Anchored objects have special rules because they are part object, part text character. For example, while you can select them with a Selection tool while they’re anchored; you can do some manipulations (scale, move) but not others (group with another object). Similarly, you can select an anchored object with the Type tool just as though it was a character and then do things like change its baseline offset or leading, but you can’t, say, convert it to outlines.
I have a video on anchored objects I did for Adobe that you can watch for free on their site. I cover most of the above plus custom anchored objects and align to spine.
The video was for the CS3 release (one of the tutorials that came on a DVD in the box) but there’s nothing different with anchored objects in CS4.
Actually, all of the tutorial videos for CS3 are still available on Adobe’s web site, they’re pretty useful!

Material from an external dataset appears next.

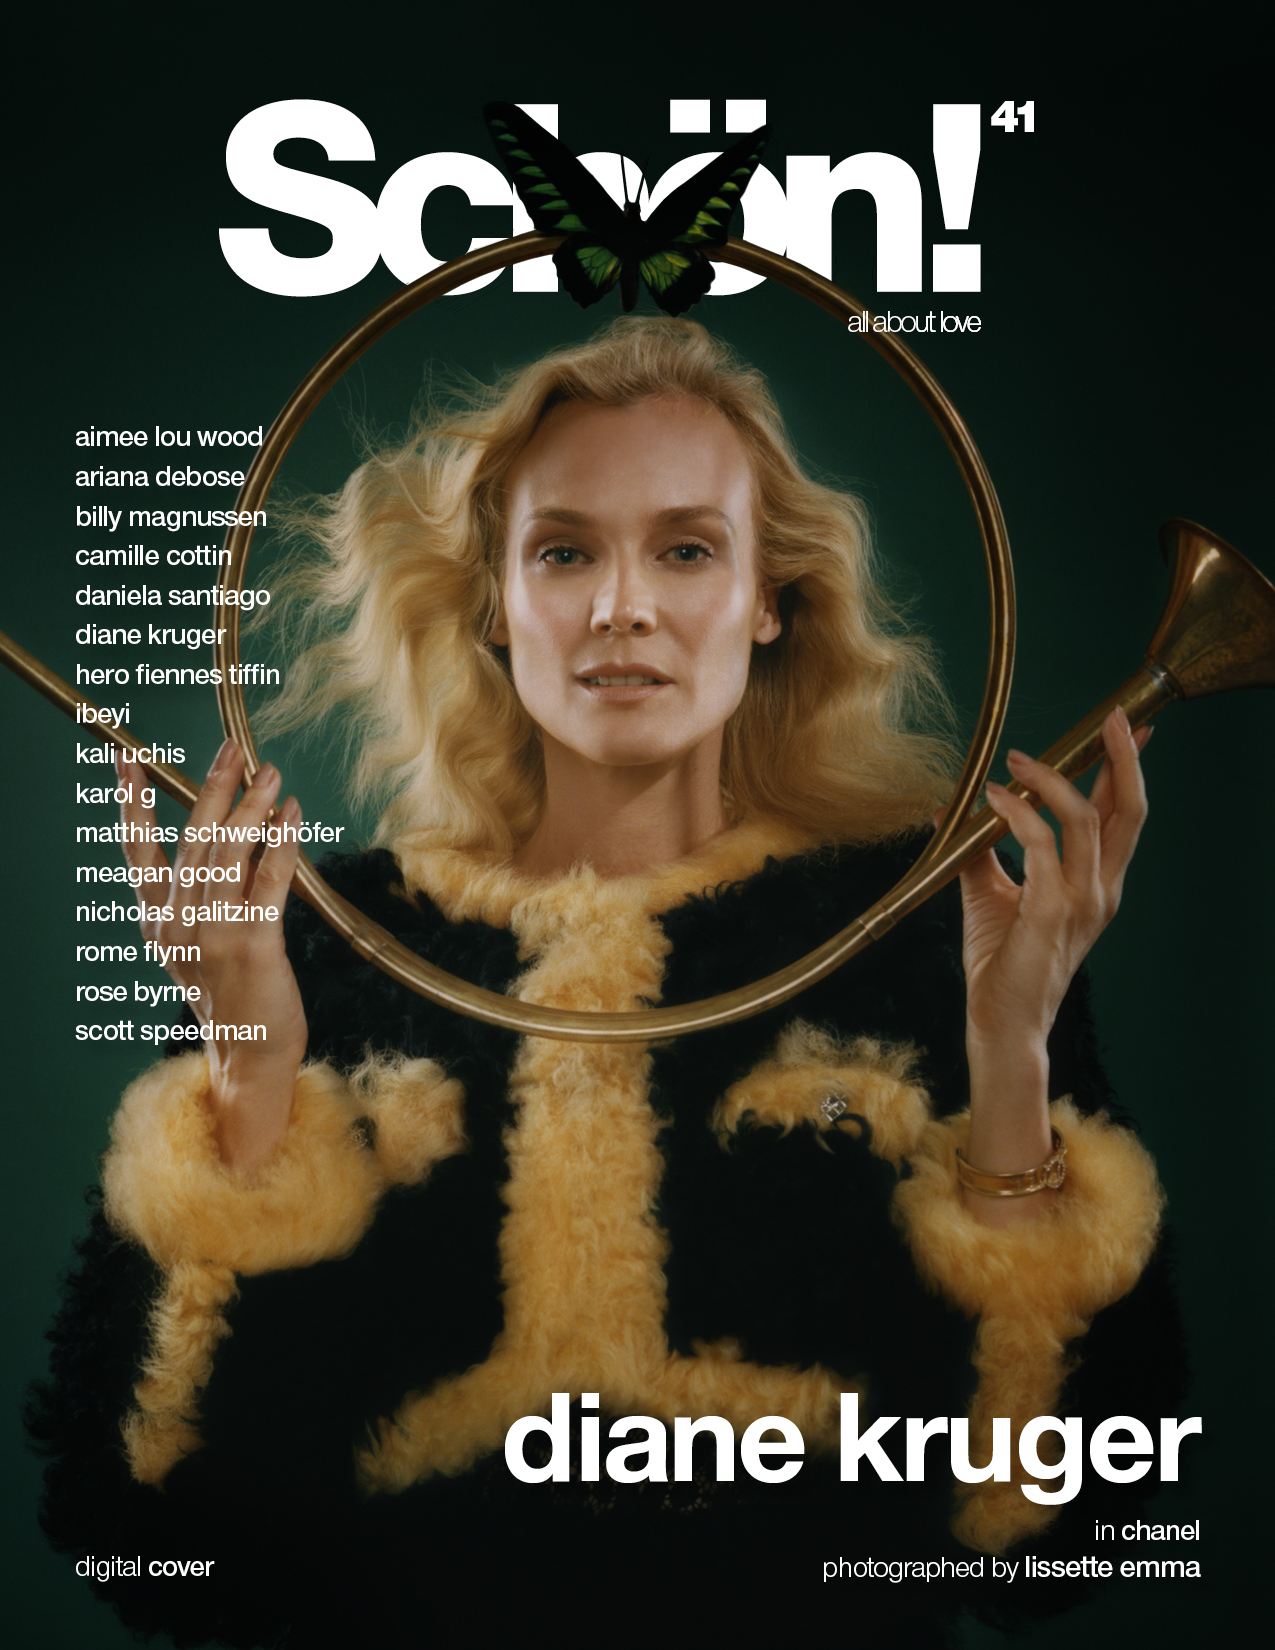 Diane Kruger talks teenage years as a model in Paris, The 355 and

Here you go: Adobe Video Workshop.


Hah!
I always had the opposite question: Why can’t Word behave more like a normal program, like InDesign, where objects stay where you placed them!
I’m thinking my blurb was a little *too* sarcastic … sounds real!

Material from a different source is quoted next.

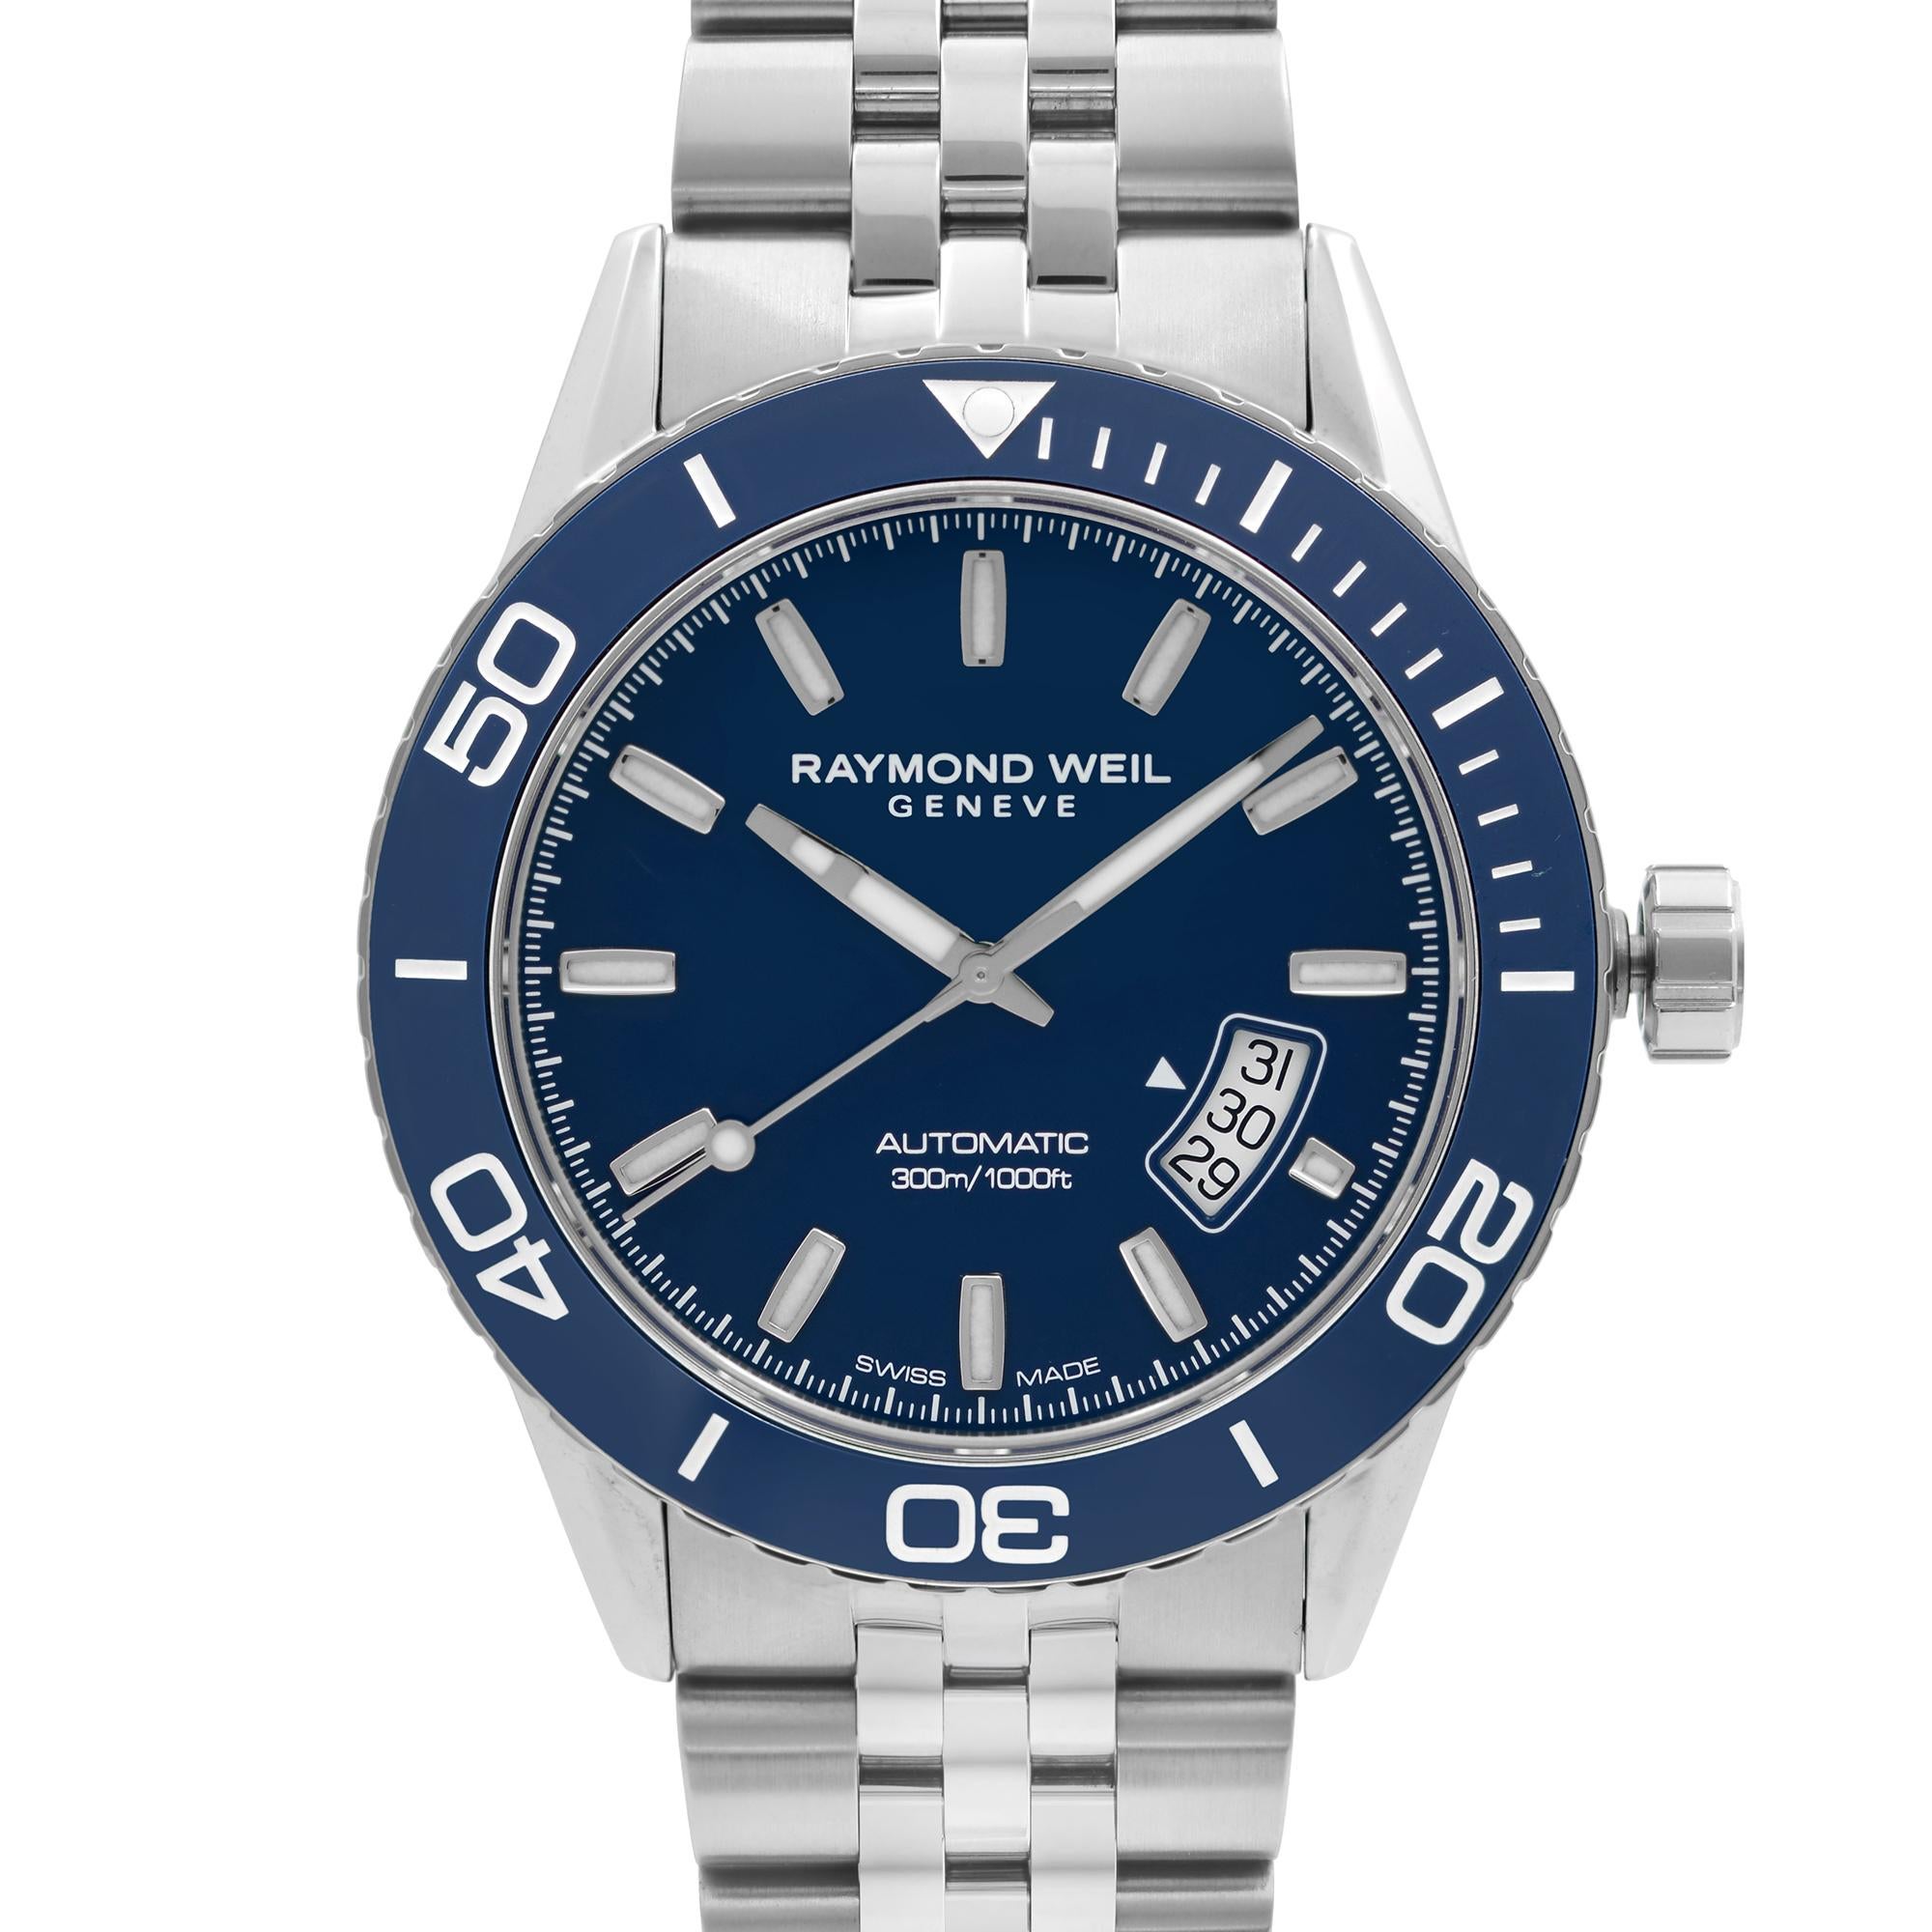 Never Worn Raymond Weil Freelancer Steel Ceramic Blue Dial Automatic Men's Watch 2760-ST3-50001. This Beautiful Timepiece Features: Stainless Steel Case and Bracelet, Uni-Directional Rotating Coin Edge Stainless Steel Bezel with a Blue Ceramic

@Harbs: My thoughts exactly!
@Anne-Marie: Thanks for the refresher.
Gah … okay, take a look at the home page blurb now.
The other approach, which I usually use, is to insert a table inline and put the graphic inside the first cell of the table.
One benefit of this approach is that you can create a second row for the caption.
Another benefit is that you can control whether there is a visible frame around the graphic and its characteristics, etc.
Actually, is there a place to find a list of the ways anchored objects behave differently from normal ones? It would save time from trying to use them in ways they can’t be – like the time I spent half an hour trying to thread two anchored text frames together….
@ Quentin:
You’ve pretty much got it all covered. There’s only two limitations (that I can think of) to anchored objects: a) that they can’t be selected at the same time as non-anchored ones, and b) you can’t thread anchored text frames.
I’m not sure that the first limitation has to do with anchored objects in particular. Once an object as separated by a certain level in the document hierarchy, it can not be selected with objects beyond the separation. Some examples of this are objects on different spreads and text in different stories.
I believe the second limitation is to prevent users from doing things which could cause InDesign to crash. (Like thread an anchored frame to its own parent, etc.)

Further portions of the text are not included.